Supporting earlier reports, sources tell Bloomberg that Google has hired Barclays to help unload the Motorola Mobility unit responsible for selling set-top boxes and other equipment to cable television providers.
“Motorola Mobility’s Home Business unit might fetch about $2 billion, and the sale is in the very early stages,” Bloomberg reports. “Google … is shifting Motorola’s focus toward high-end smartphones.”
“That’s about half what Motorola was asking for it when it attempted to sell the division in 2009,” AllThingsD notes.
Sensing a missed opportunity, The Verge writes: “When Google first announced it was buying Motorola Mobility for $12.5 billion, it seemed that the acquisition would give Mountain View a new way to aggressively push its Google TV platform.”

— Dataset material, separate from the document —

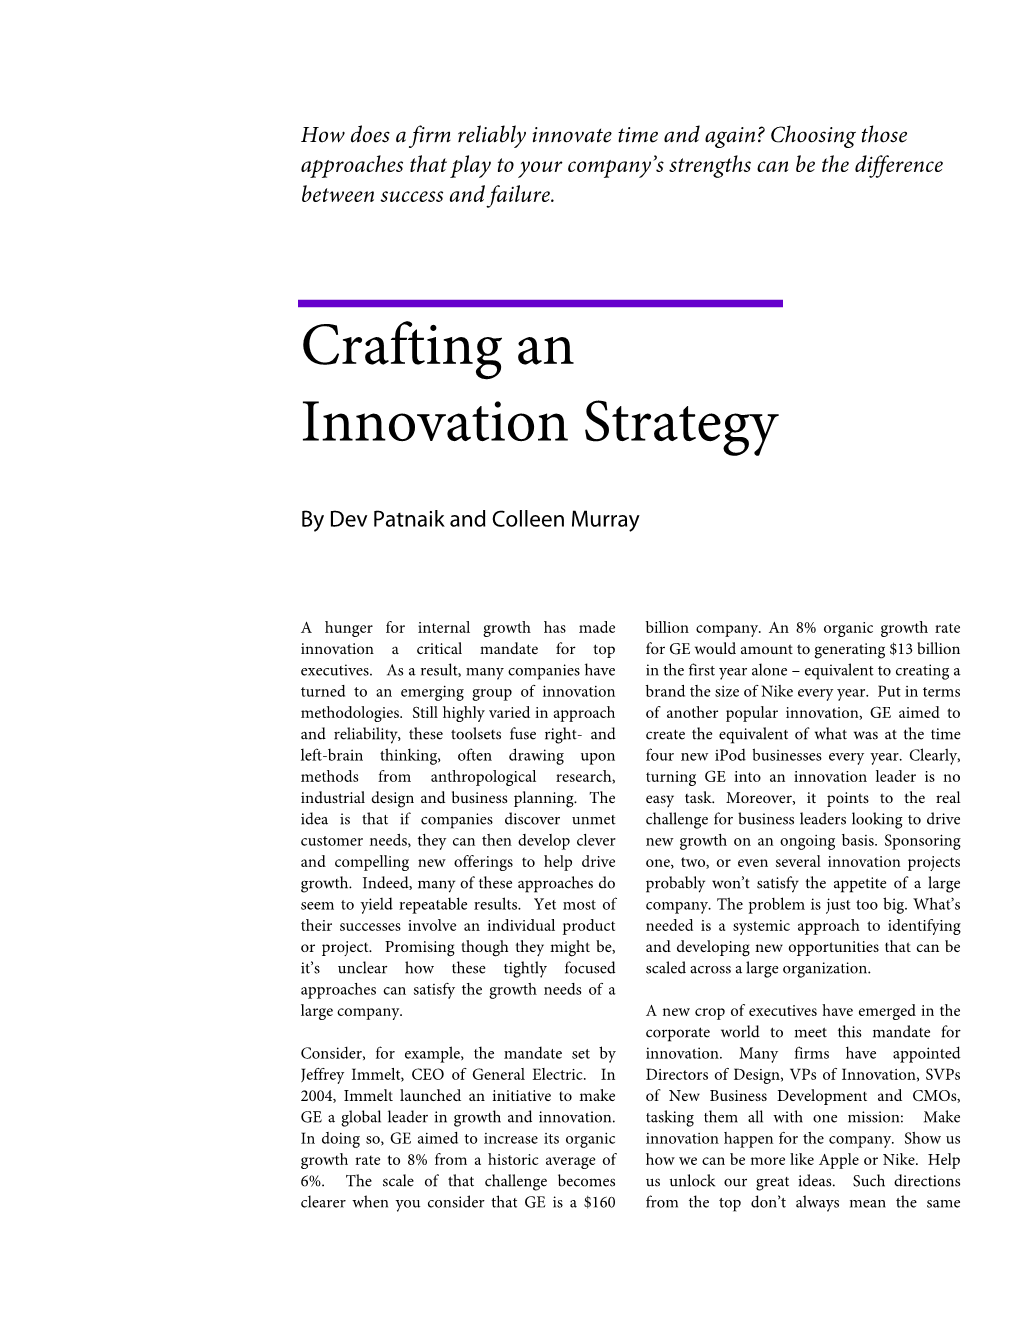 Crafting an Innovation Strategy

Now, however, “Google seems to be on a confusing, multi-pronged approach to staking a claim to home entertainment,” Forbes posits. “In addition to the traditional Motorola set-top business, the company offers Google TV, a software platform offered through OEMs via both televisions and after-market set-top boxes, to integrate content from cable and the open Internet.” (Google also recently had trouble launching its Nexus Q “media streamer” box, which routes video and audio content to consumers’ flat-screens.)
Bigger picture, “since Google and Motorola’s $12.5 billion deal went official this summer, Motorola has gone through several changes company-wide,” notes 9To5Google. “The most notable change was when up to 4,000 employees were laid off…on top of 30 of Motorola’s 90 facilities worldwide being shut down.”